Task details: Please find the line that holds "new-CNC-Machine-shop-23.8.1712" below and reproduce it, along with every line after it through the end, exactly and without pictures.

Top of Working data

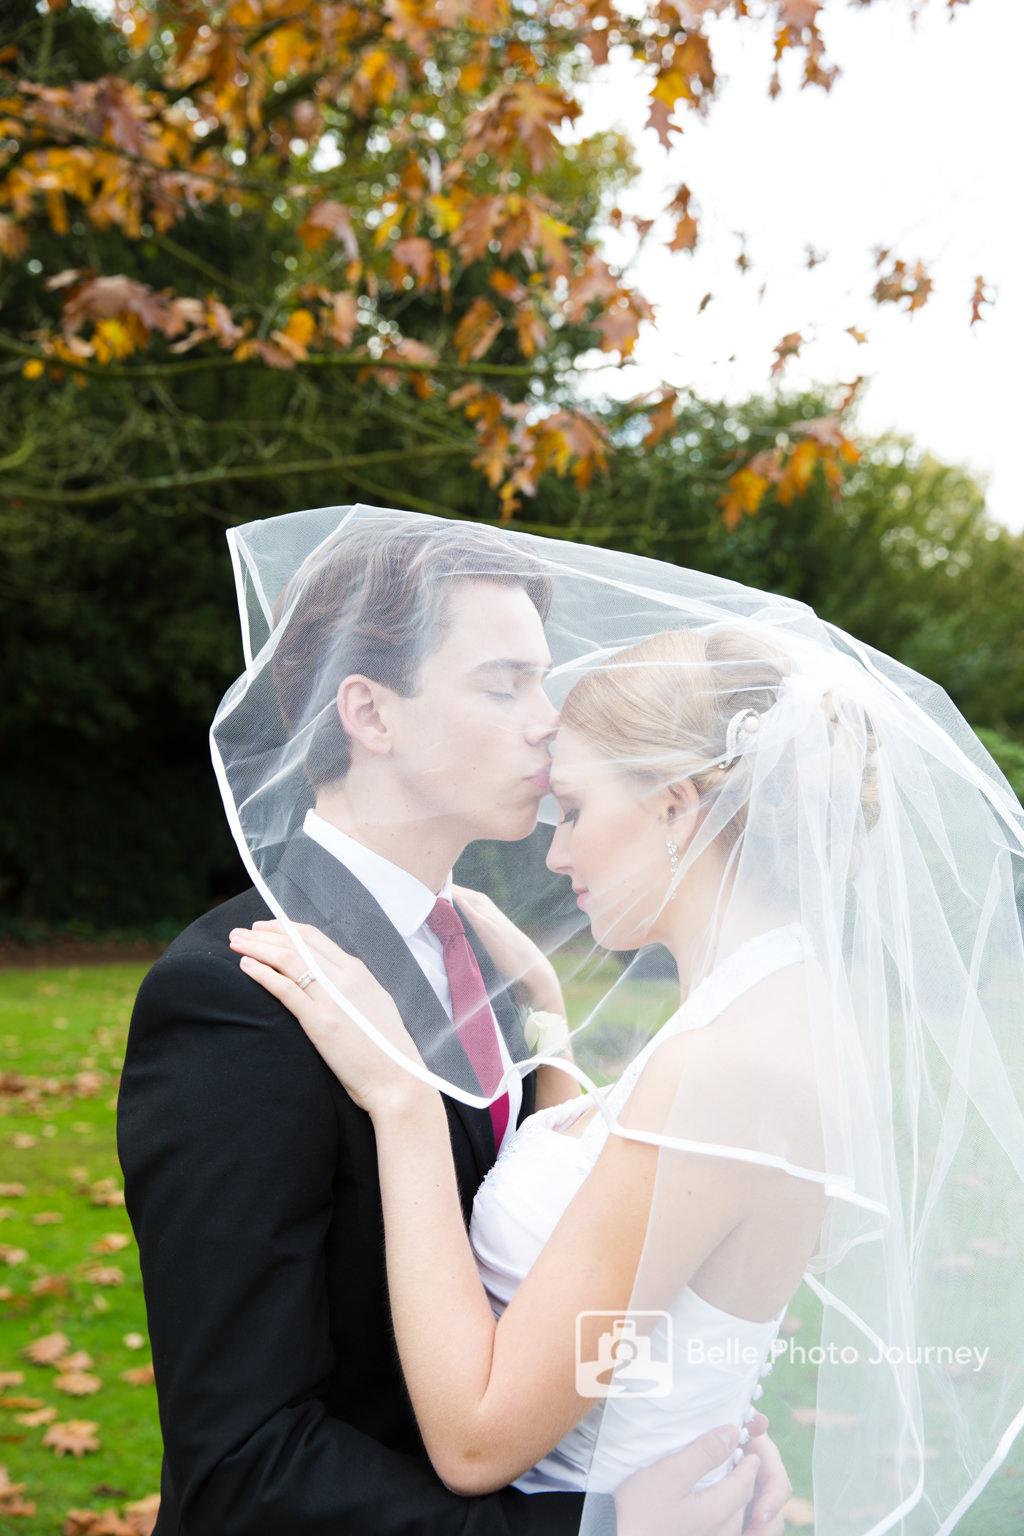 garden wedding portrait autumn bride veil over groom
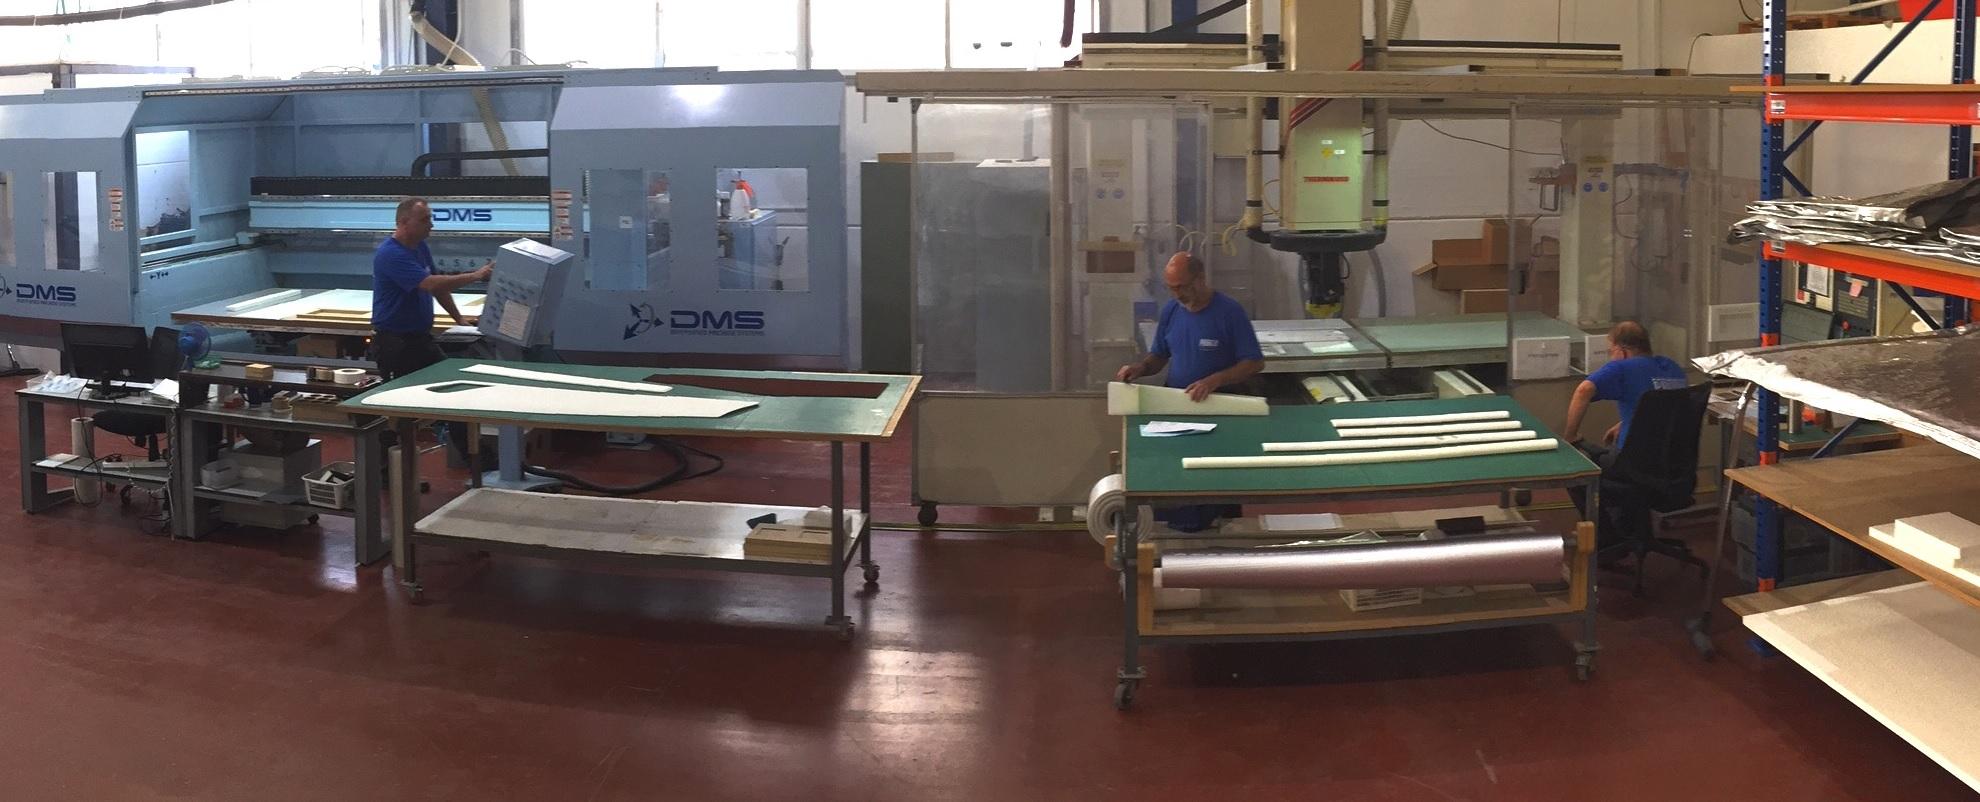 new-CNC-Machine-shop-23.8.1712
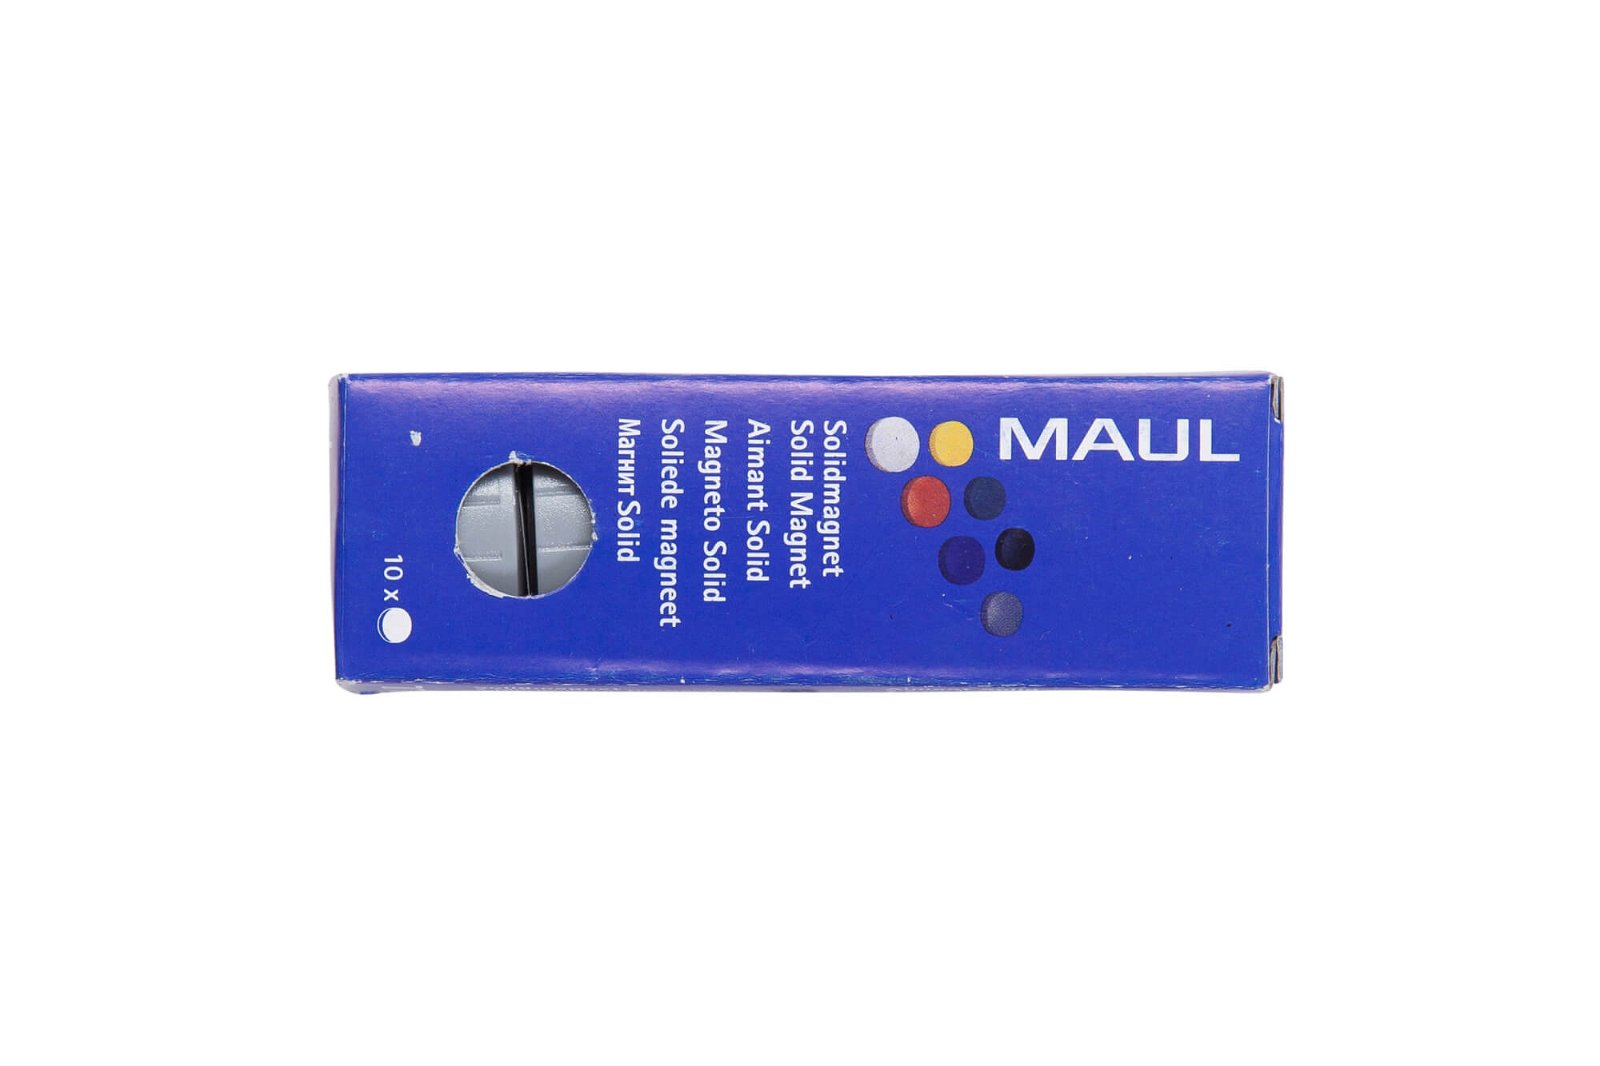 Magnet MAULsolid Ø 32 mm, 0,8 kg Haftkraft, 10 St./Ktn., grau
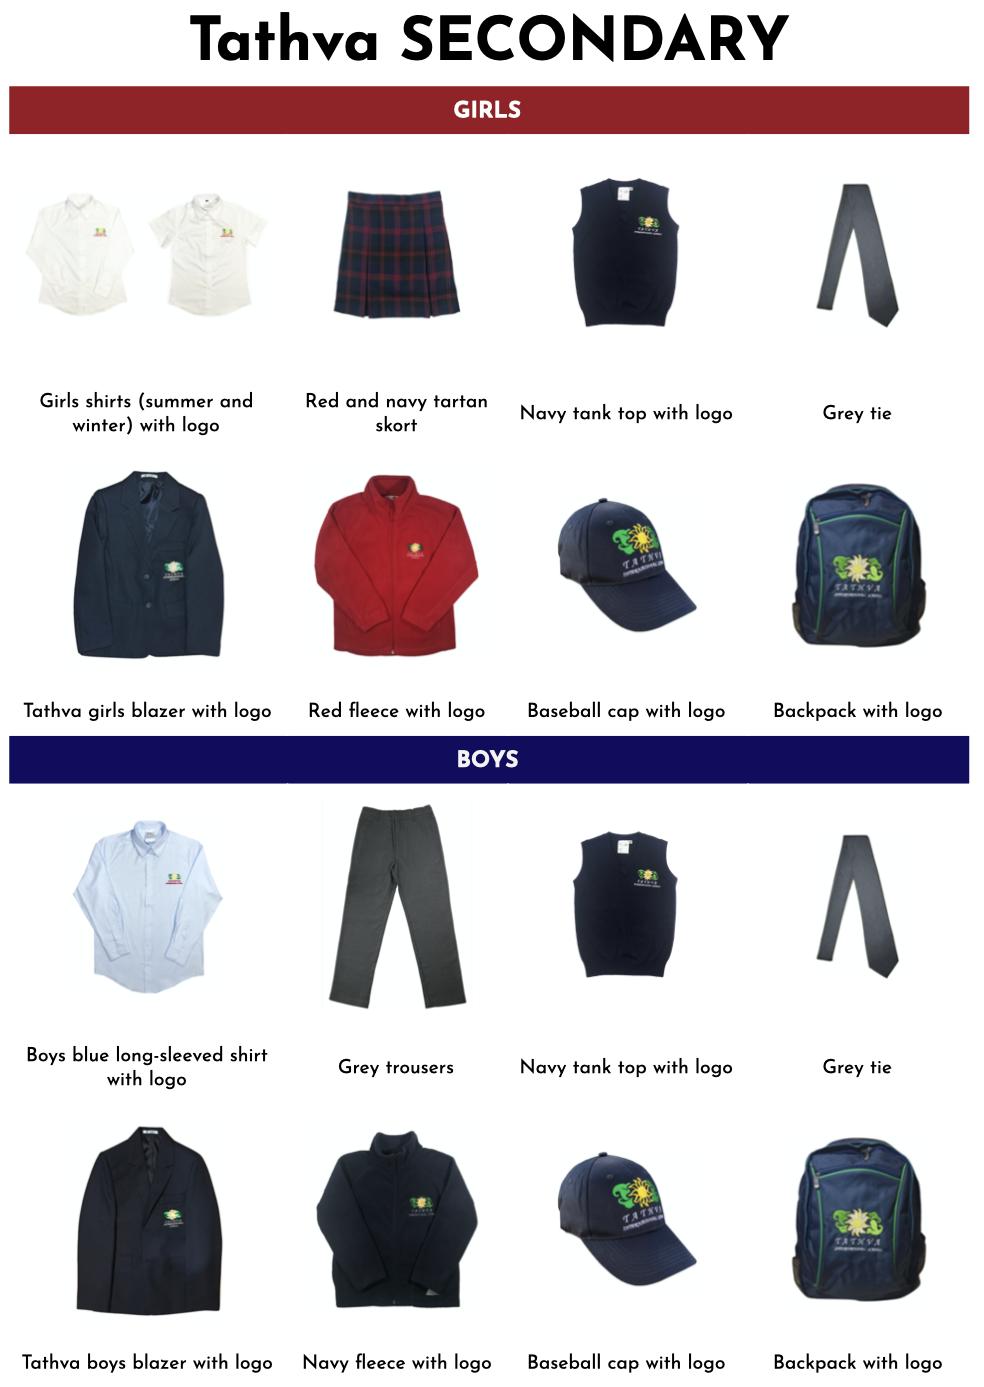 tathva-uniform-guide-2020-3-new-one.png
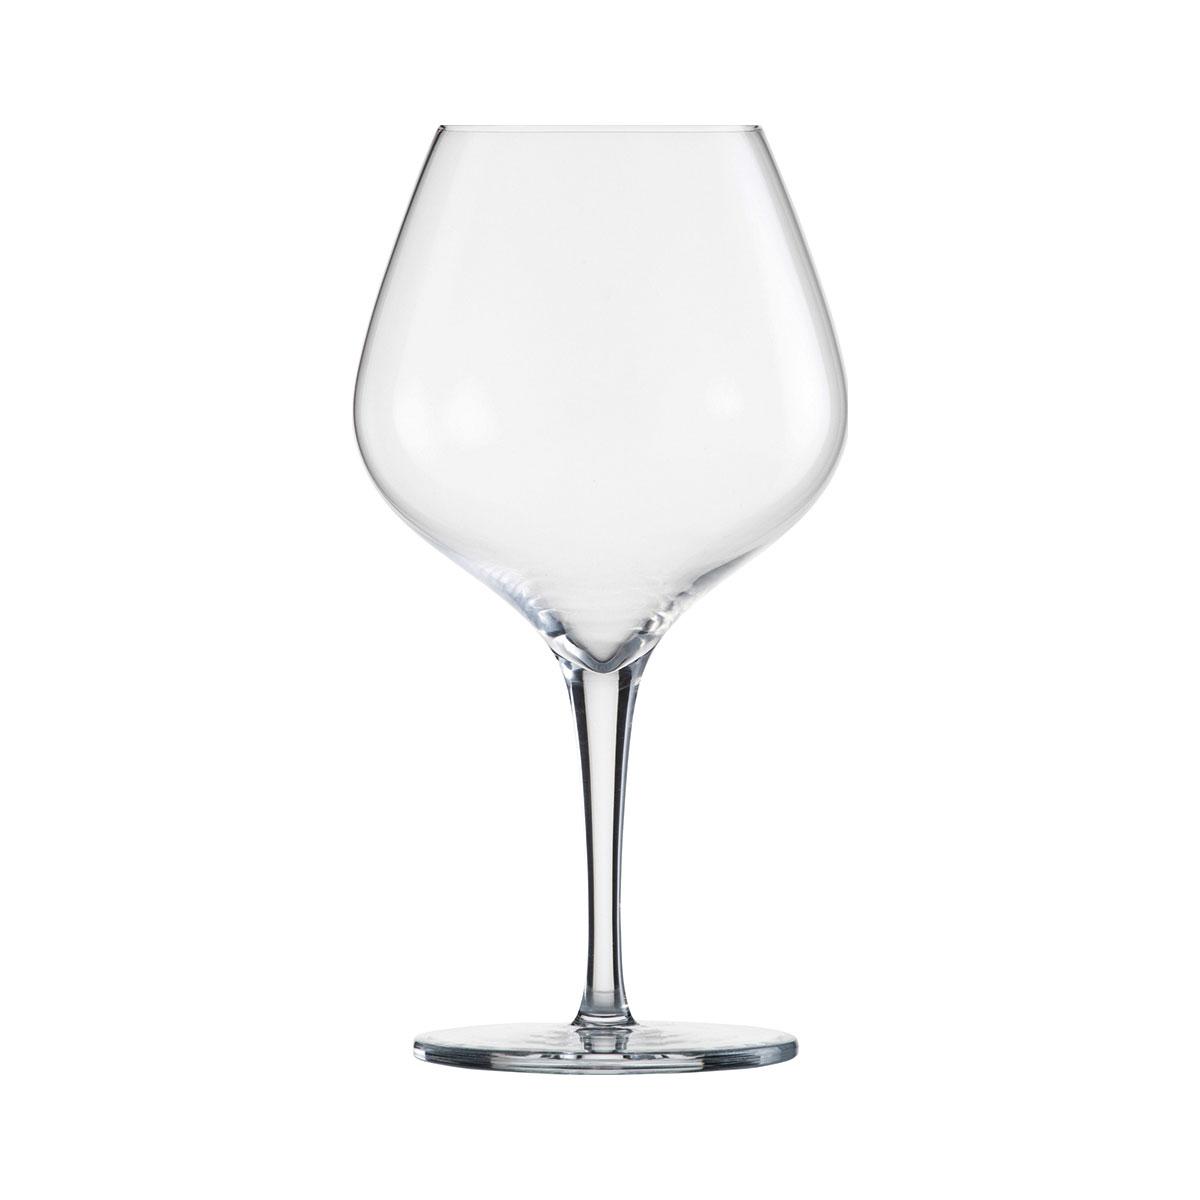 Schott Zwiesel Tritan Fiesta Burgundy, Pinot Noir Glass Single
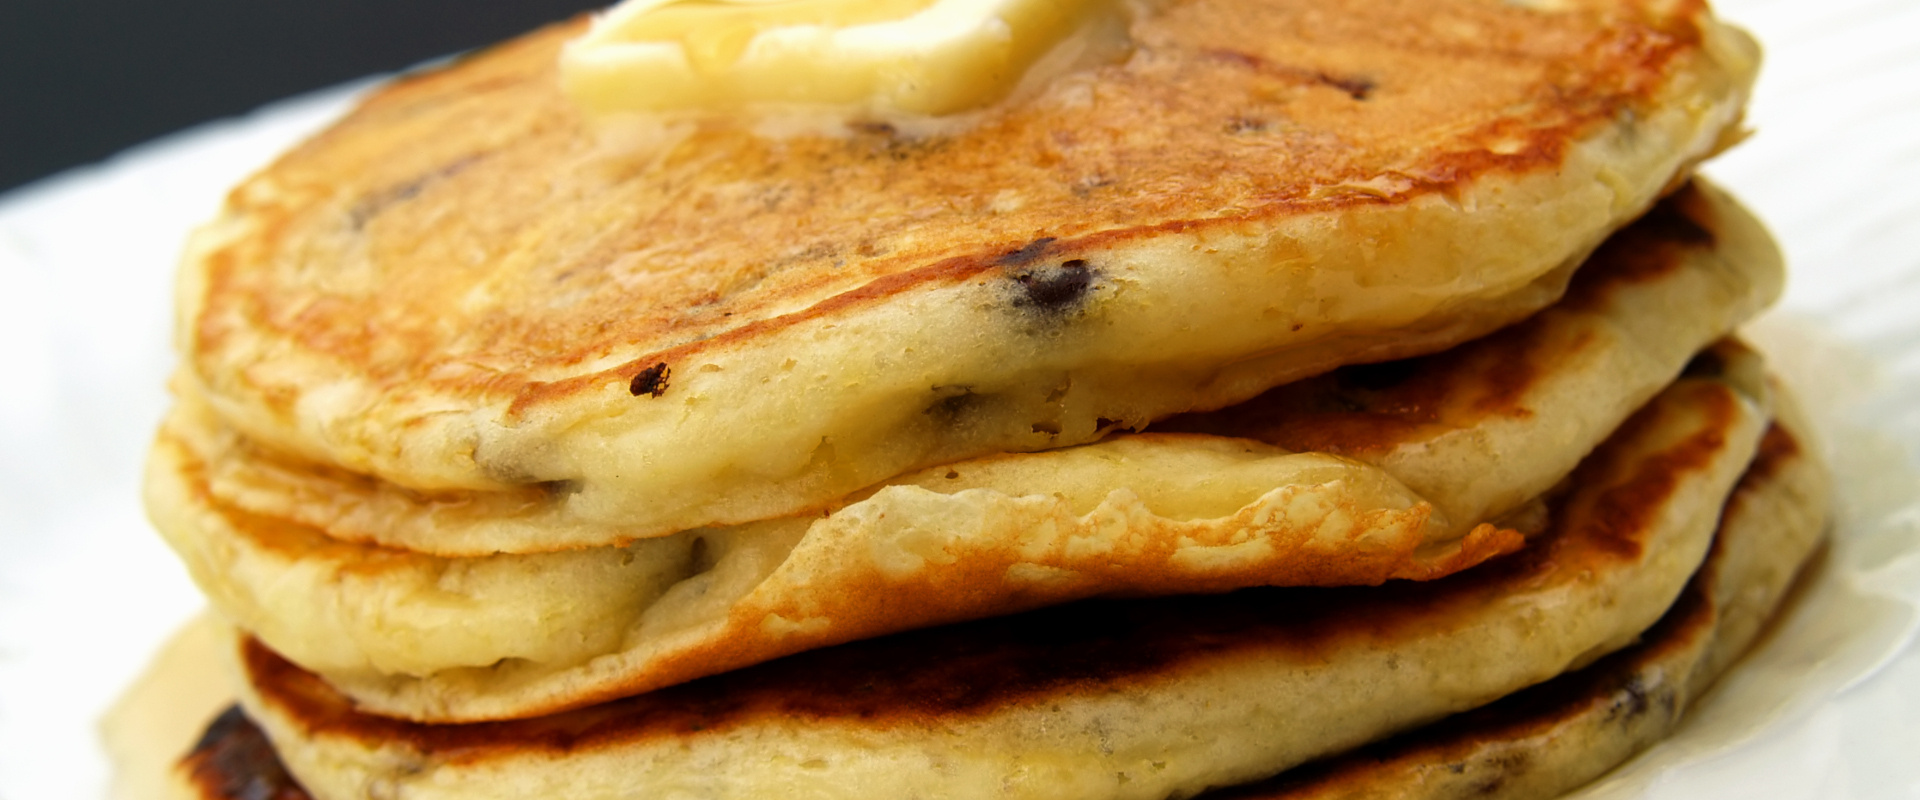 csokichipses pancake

Bottom of Working data

Your response:
 new-CNC-Machine-shop-23.8.1712
 Magnet MAULsolid Ø 32 mm, 0,8 kg Haftkraft, 10 St./Ktn., grau
 tathva-uniform-guide-2020-3-new-one.png
 Schott Zwiesel Tritan Fiesta Burgundy, Pinot Noir Glass Single
 csokichipses pancake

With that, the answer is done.